*RECORDS SHOWN*:

━━━━━━━━

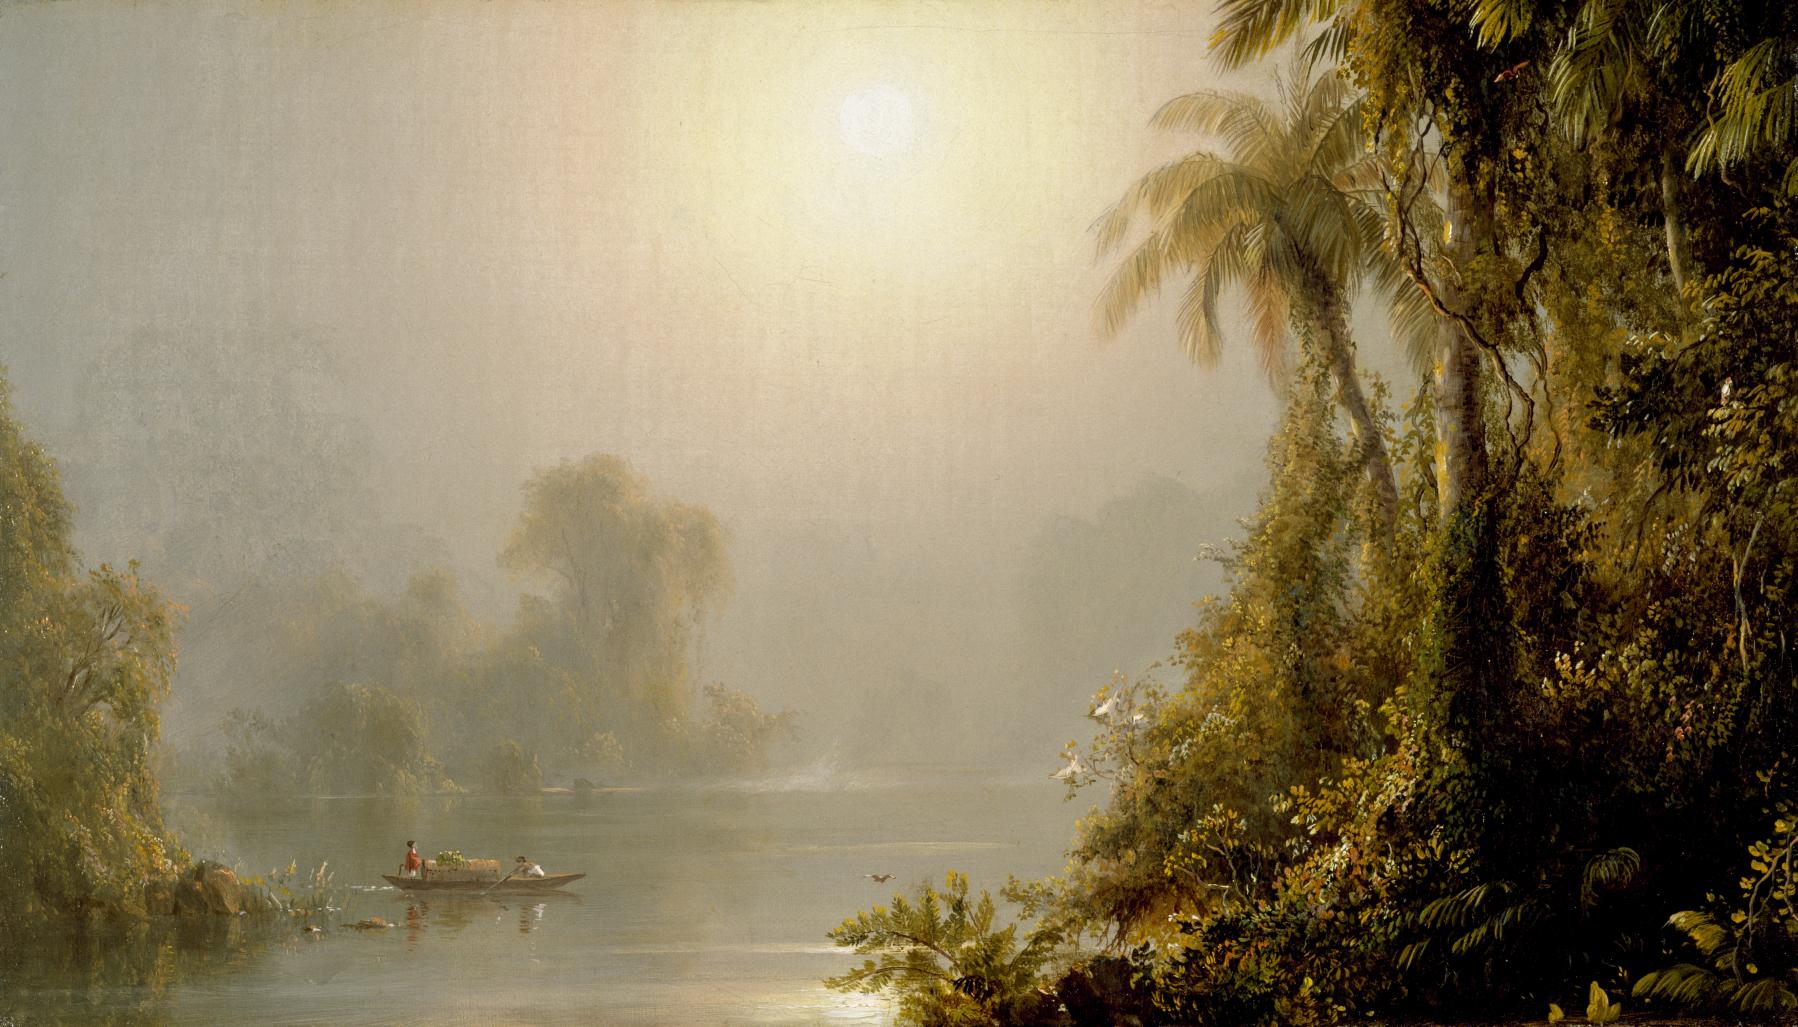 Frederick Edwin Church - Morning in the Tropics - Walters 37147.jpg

━━━━━━━━

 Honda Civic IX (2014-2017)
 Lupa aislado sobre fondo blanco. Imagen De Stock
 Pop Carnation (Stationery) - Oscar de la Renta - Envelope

━━━━━━━━

*YOUR OBJECTIVE*: Print only what lies in the material above starting at the line with "Honda Civic IX (2014-2017)" and ending at the line with "Pop Carnation (Stationery)", every line exactly as given.

*EXERCISE RESULT*:
 Honda Civic IX (2014-2017)
 Lupa aislado sobre fondo blanco. Imagen De Stock
 Pop Carnation (Stationery) - Oscar de la Renta - Envelope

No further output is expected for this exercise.